I have a headache this morning but I still read through this thread and agree with what most are saying regarding the 6D.  It's not for sports.  Everything else it shines for.  And why are you only buying two prime lenses?  Get the 24-105 + 6D kit and also buy the primes.  It's a great combo.  I own both the 5D3 and the 6D and all I can say is you won't be disappointed with the 6D for what you want to do with it.  I admit that 99% of the time I shoot center AF point  but it works great with all the lenses I've used it with.  It's a great camera.  With all the deals available right now, what do you have to lose?  Buy it cheap now while you can and rent a 5D3 and see if it really matters.  If the 5D3 is so much better, sell the 6D for a profit in the spring and buy the 5D3.  The profit will pay for your "rental" of the 6D and the rental of the 5D3 if you switch.  If you don't switch, you saved a lot of money to buy another lens.

Heck, maybe buy the 6D and the 70D and increase your reach, video creativity and have sports ability too!

Remember, it's the photographer that takes the picture, not the camera.  I've taken thousands of great images with my 5Dc and I never even bothered to buy the 5D2.  I bought the 5D3 a year after it came out and it sucked at low light AF.  So much so that I bought the 6D which stomped all over the 5D3 in low light.  Finally Canon released a firmware in April that improved the 5D3 AF enough that I use it more now in low light.  But the 6D has never disappointed me.  The one issue I have at the moment with the 6D (that isn't Canon's fault) is that my Sunpak RD2000 flash doesn't do ETTL consistently on the 6D.  That's Sunpak's problem, not Canon's.  Still waiting on Sunpak's firmware update too.

Sadly, renting cameras is not an option here in Italy.
My main problem is that the 5D3 is overkill for me: too many AF points that i won't use, and a hefty price tag which is very hard to swallow.
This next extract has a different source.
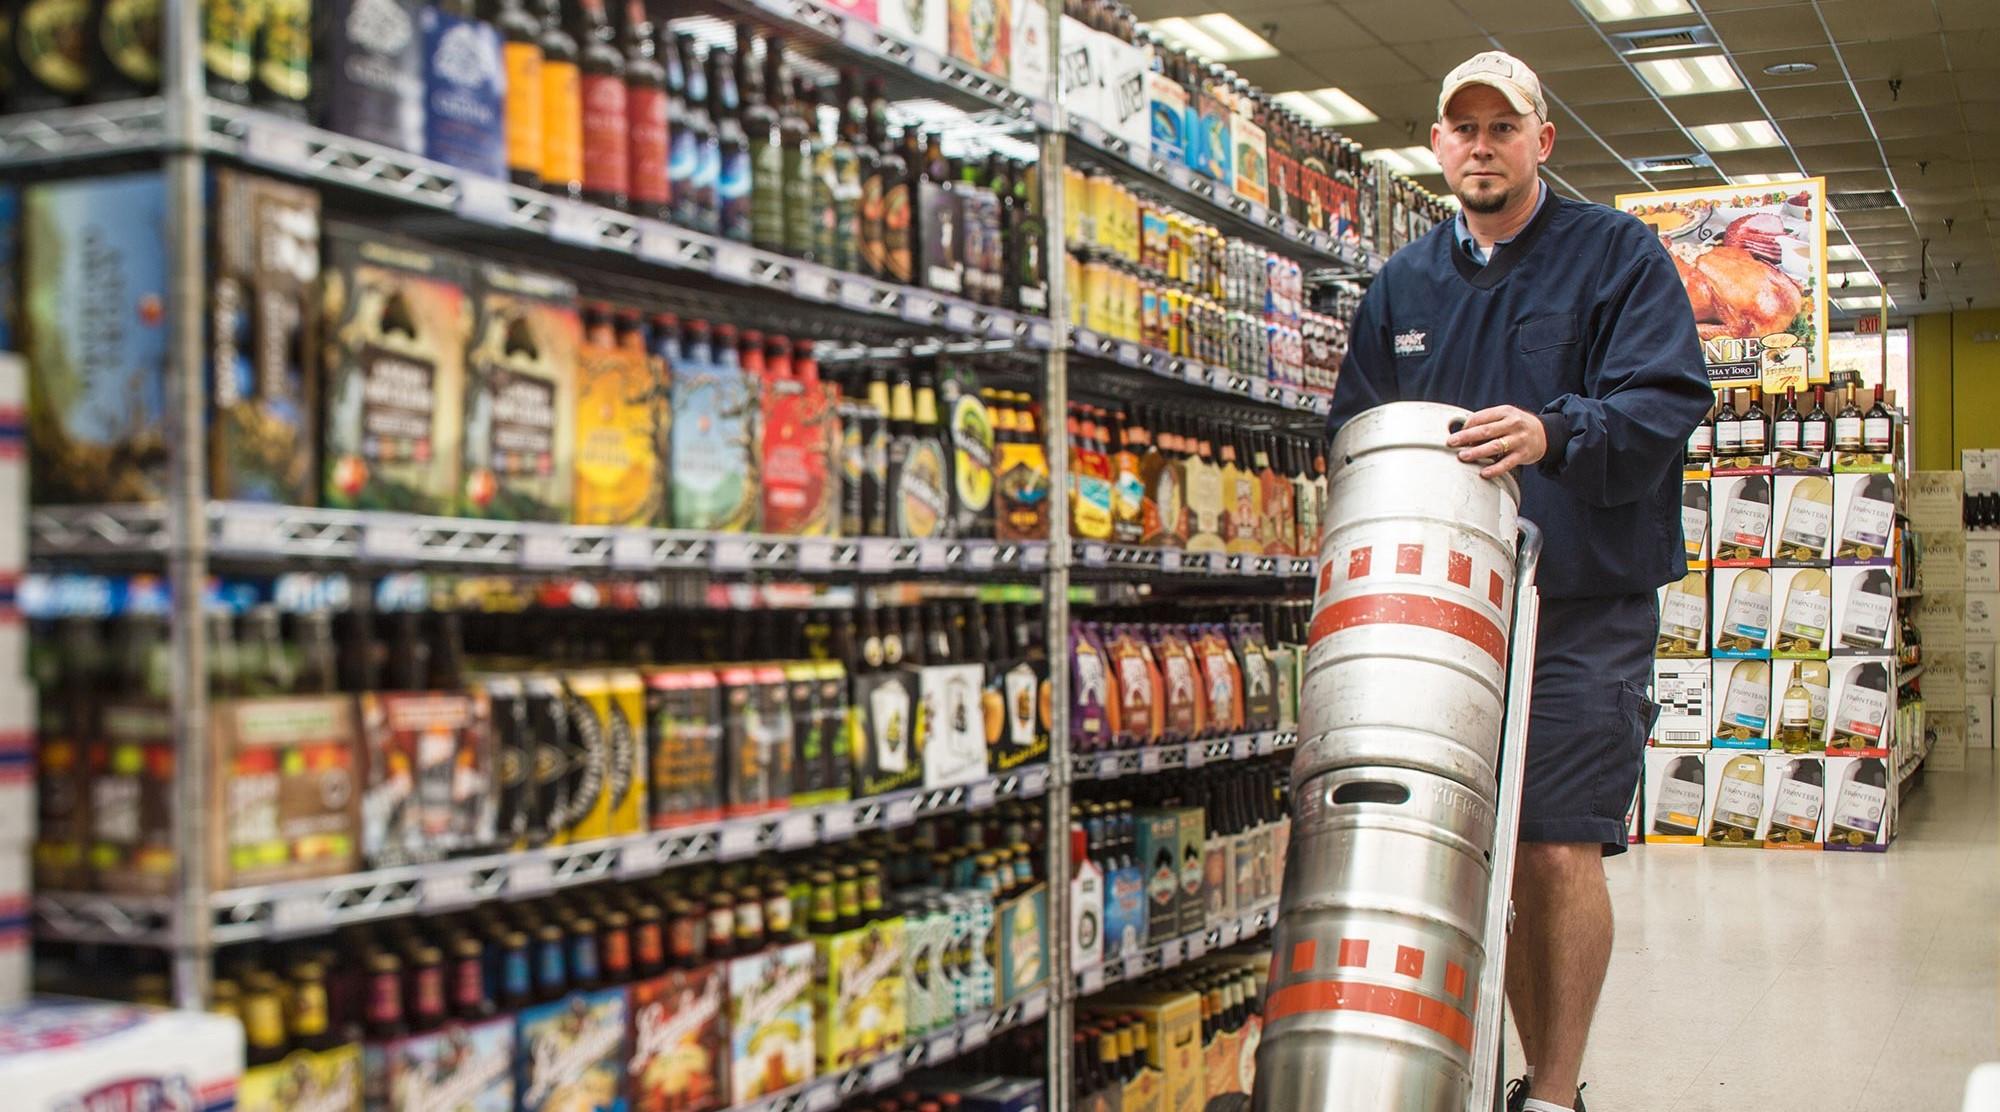 Source:   National Beer Wholesales Assoc

Heck, even the 6D is slightly overkill for me: while the wifi is a cool feature to have, i could live without it, and i don't see myself using the gps. For everything else, i know the 6D is the appropriate camera for me. My only worry is related to its outer AF points. Is it really that bad? This guy loves the camera, he's even using the ultra-fast 85/1.2 with apparently no issues while many forum users here and elsewhere keep bashing the outer AF points. I'm really confused.

I've never tried the 5DIII, but I have a hard time seeing how you can be disappointed by the AF in the 6D.  Granted, I don't do sports, and I always use the central point for focusing anyway.  I used a 6D for a wedding after using a 60D for years.  It's not just a step up, but a large step up in every aspect (so it should be a huge leap coming from a Rebel).  The AF was always fast (enough) and accurate.  The only time it was slow enough to be noticed was in very very dark situations, but even then the camera still acquired focus.

Here is a picture I took at a wedding reception (1/160 f/5.0).  There is clearly motion, the ISO is somewhat high (1600) and the light is very dim.  The couple is illuminated by my flash gun, look in the background to assess the ambient light and keep in mind that the flash did not assist during AF. The second image is a 50% detail from the area I was actually focusing on. The third and forth image (1/60 f/5.0 iso1600) is a situation where I could barely see the DJ with my eyes (all the lights are in front of him and all the light in the picture comes from my flash that did not assist AF), but the camera acquired focus anyway! In this case, I have to admit, it took a noticeable amount of time. If I had to give a ballpark number, I would say more than 1/4 sec.

Thanks for the feedback. What about the outer AF points? Have you tried to use them with a fast prime? Are they really that bad?

85mm might be too long in a room. For "environmental portraits", 35mm or 50mm is better, IMO.
I agree on that, that's why the foundation of my lens kit will be a 35mm prime, most probably the Canon 35/2 IS. The Sigma seems the hottest right now, but i'm a little scared about its AF, and i still haven't found a reassuring review of the Sigma USB Dock. I can hold on a bit on the 85, since there's a rumor about lots of lenses to be released during 2014, and i guess there will be a 50 or a 85 (or both) in the bunch.